JAMES v. RPS HOLDINGS, LLC

CourtDistrict Court, M.D. North Carolina
DecidedFebruary 28, 2022
Docket1:20-cv-00134
StatusUnknown

This text of JAMES v. RPS HOLDINGS, LLC (JAMES v. RPS HOLDINGS, LLC) is published on Counsel Stack Legal Research, covering District Court, M.D. North Carolina primary law. Counsel Stack provides free access to over 12 million legal documents including statutes, case law, regulations, and constitutions.

Bluebook
JAMES v. RPS HOLDINGS, LLC, (M.D.N.C. 2022).

Opinion

IN THE UNITED STATES DISTRICT COURT FOR THE MIDDLE DISTRICT OF NORTH CAROLINA SIOBHAN JAMES, et al., ) ) Plaintiffs, ) ) v. ) 1:20CV134 ) RPS HOLDINGS, LLC, ) ) Defendant. ) MEMORANDUM OPINION AND ORDER This case comes before the Court on the “Verified Motion for Stay with Incorporated Memorandum of Law” (Docket Entry 50 (the “Motion to Stay”)) by RPS Holdings, LLC (the “Defendant”).

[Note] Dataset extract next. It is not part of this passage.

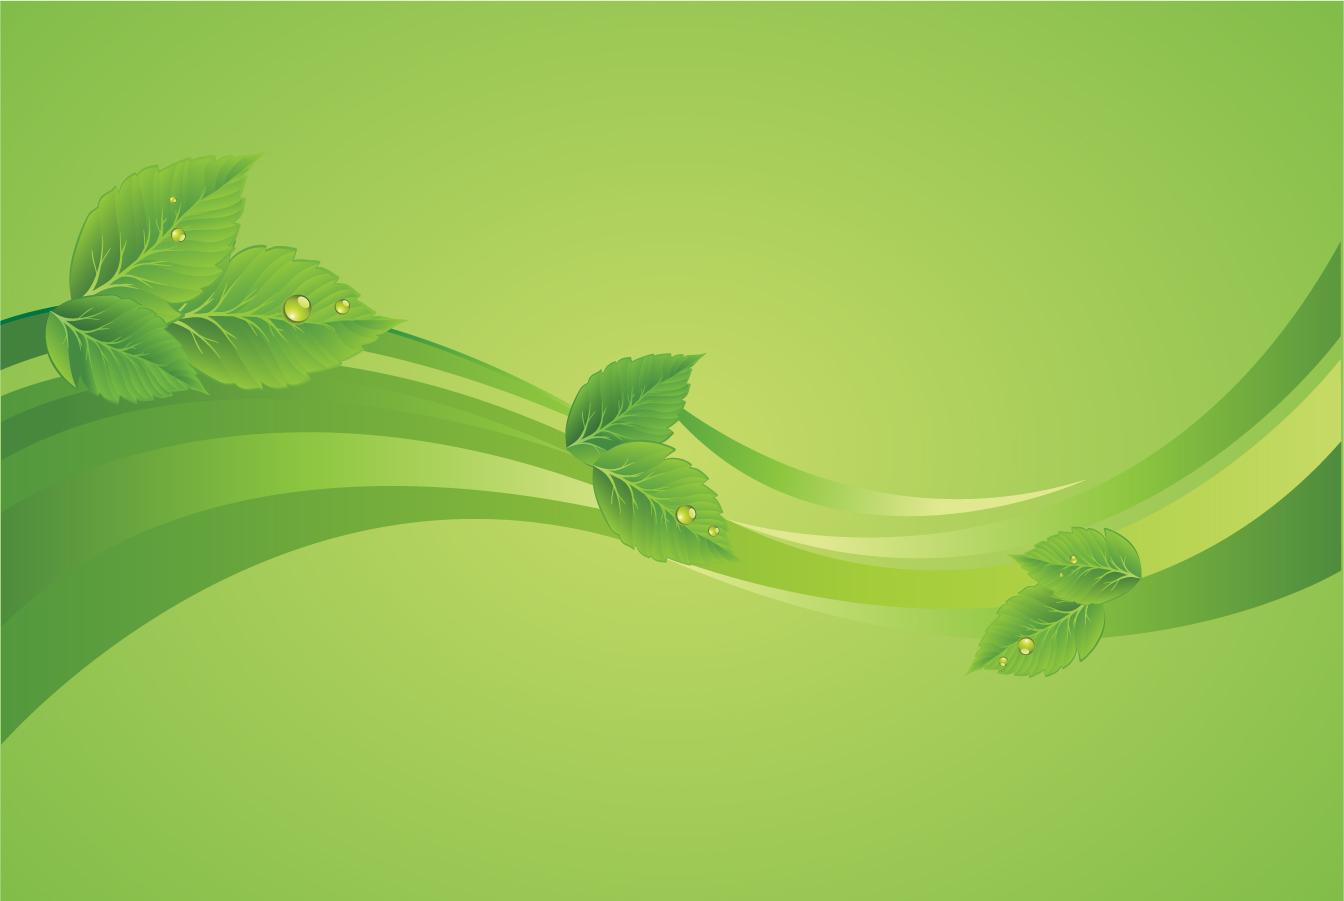 水が滴る緑の背景 green leaf backgrounds イラスト素材

For the reasons that follow, the Court will grant the Motion to Stay. BACKGROUND The Court’s most recent memorandum opinion and order (the “Order”) sets out the full background of this case. See James v. RPS Holdings, LLC, No. 20CV134, 2021 WL 5889479, at *1–5 (M.D.N.C. Dec. 13, 2021) (unpublished), appeal docketed, No. 22-1027 (4th Cir. Jan. 7, 2022). By way of brief summary, Siobhan James (the “Plaintiff”) initiated this action asserting, among other claims, violations of the Fair Labor Standards Act (“FLSA”). (See id. at *1.) In particular, Plaintiff has alleged that Defendant misclassified her as an independent contractor during the time she worked at Capital Cabaret, an establishment that Defendant operates in Morrisville, North Carolina. (See id.) Plaintiff also sought to maintain this action on behalf of a “proposed collective (*‘Putative Plaintiffs’) [including] ‘[aJll individuals who were, are, or will be employed at .. . Capital Cabaret gentleman’s club as exotic dancers and who were classified as independent contractors at any time three years prior to the commencement of this action, through the present.’” (Id. at *4 (ellipsis and second set of brackets in original).) To that end, and pursuant to the FLSA, Plaintiff moved to conditionally certify this matter as a collective action and sought court-authorized notice to Putative Plaintiffs. (See id. at *3-4 (describing Docket Entry 35 (the “Certification Motion”)).)+ Defendant opposed the Certification Motion and moved to compel arbitration (or, alternatively, stay judicial proceedings) on the grounds that Plaintiff had signed a written arbitration agreement (the “Agreement”) barring her claims in this forum. (See id. at *5 (referencing Docket Entry 41 (the “Arbitration Motion”)).)* Via the Order, the Court (per the undersigned United States Magistrate Judge) denied the Arbitration Motion (see id. at *10) and granted in part and denied in part the Certification Motion

1 As explained in the Order, “the statute of limitations [under the FLSA] continues to run until a claimant affirmatively opts in to the lawsuit” (id. at *11 (internal quotation marks omitted)). 2 In support of the Arbitration Motion, Defendant tendered the Agreement (see id. at *5 & n.4), which identified its Signatories as “S. James” and “Cap Cab” (id. at *1).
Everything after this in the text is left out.